Cakepig · 27/04/2022 09:30

How can I help my son? He's 10, very bright, very funny, very loving.

But if something goes wrong (lost, forgot, dropped something) he relentlessly is mean to himself saying he's so stupid, he's so dumb, sometimes with a hit to the head. He can be a perfectionist, so this behaviour follows when something doesn't go to plan. This has increased frequency, and is often followed by him being really down, this is so far away from how his sibling was at 10 (we don't compare them openly!). He knows he's loved, he knows he's clever and not dumb, and I reassure all the time and he will chat with me. The trouble is his relentless negativity is affecting me, seeing him so mean to himself, then being down. I have struggled with depression, not that he would know, and to see and hear these things in him so young is worrying me.
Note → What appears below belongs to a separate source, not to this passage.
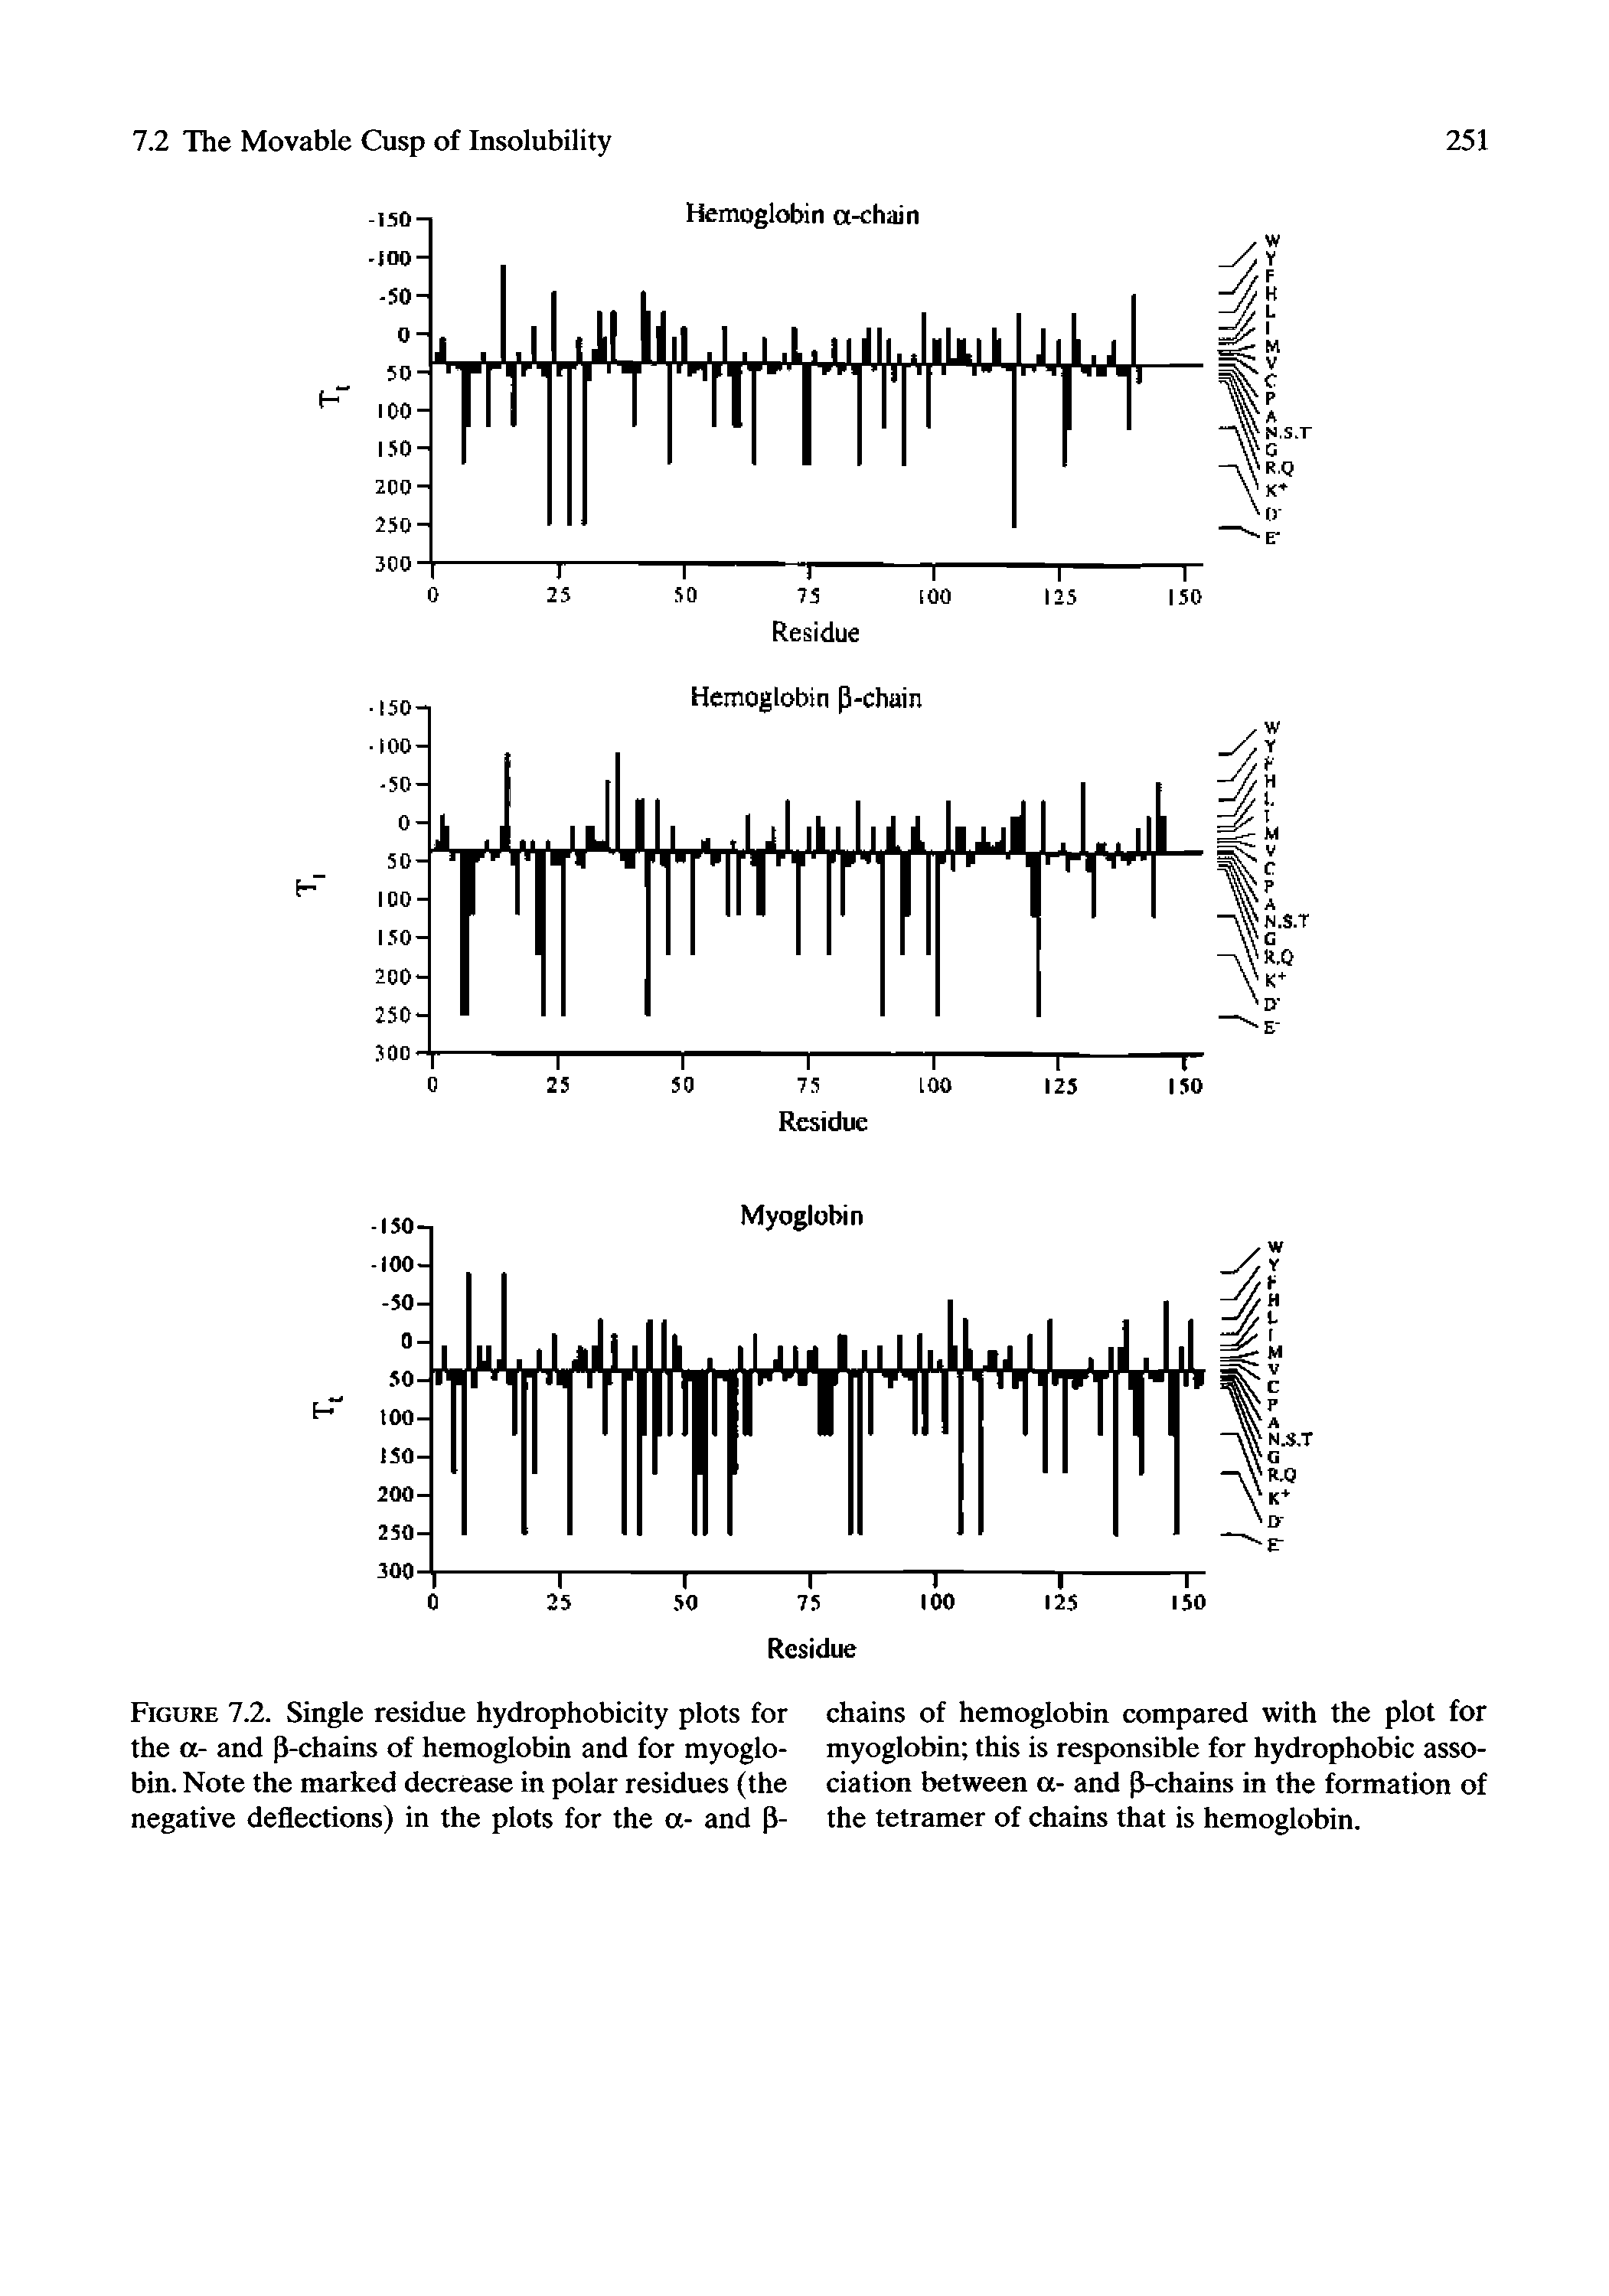 Figure 7.2. Single residue hydrophobicity plots for the a- and P-chains of hemoglobin and for myoglobin. Note the marked decrease in polar residues (the negative deflections) in the plots for the a- and p-...

At school, I believe he's fairly quiet, sticks to the same friends. I don't think there's bullying, he does compare himself alot. When younger, he seemed to have OCD behaviours lining things up instead of playing and repetitive behaviour, (largely gone I think though hates anything on his hands), issues with clothing, he's had tics since about 6...now I'm writing it down should I be worried? A diagnosis of any type would confirm for him he's rubbish 😔

I don't know if I'm overreacting, I don't know where to turn, I do know services are stretched. How can I help my son? What can I say or do when he falls into these negative cycles? The thought of this escalating through the teenage years terrifies me.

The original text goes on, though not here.